Technical Abstract: Prion diseases are fatal, neurodegenerative illnesses caused by the accumulation of PrPSc, an aberrantly folded isoform of the normal, cellular prion protein (PrPC). Detection of PrPSc commonly relies on immunochemical methods, a strategy hampered by the lack of antibodies specific for this disease-causing isoform. Here, we report the generation of 8 mAbs against PrP following immunization of Prnp-null mice with recombinant (rec) PrP. The 8 mAbs exhibited distinct differential binding to PrPC and PrPSc from different species as well as PrP-derived synthetic peptides.

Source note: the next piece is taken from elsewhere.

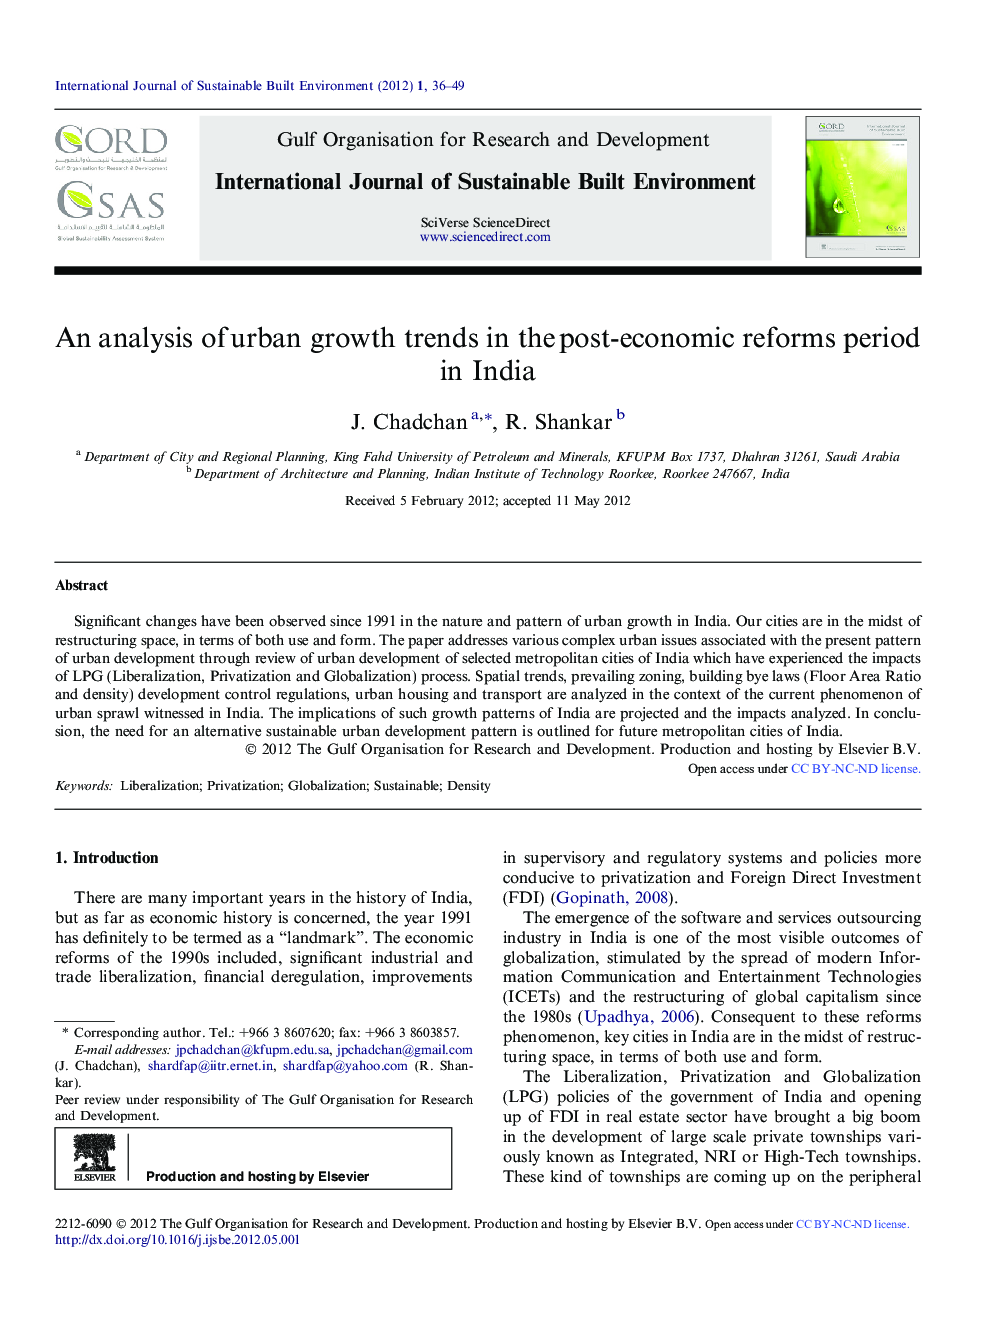 An analysis of urban growth trends in the post-economic reforms period in India

Five of the 8 mAbs exhibited binding discontinuous PrP epitopes, all of which were disrupted by addition of b-mercaptoethanol or dithiothreitol, which reduced the single disulfide bond found in PrP. One mAb F20-29 reacted only with human PrP while the F4-31 mAb bound bovine PrP; the KD values for both mAbs F4-31 and F20-29 were ~500 pM. Binding of all five conformation-dependent mAbs to PrP was inhibited by 2-mercaptoethanol in ELISA, Western blots and histoblots. One conformation-dependent mAb F4-31 was found to increase the sensitivity of an ELISA-based test by nearly 500-fold when it was used as the capture antibody. These new conformation-dependent mAbs were found be particularly useful in histoblotting studies, in which the low backgrounds after treatment with 2-mercaptoethanol created unusually high signal-to-noise ratios.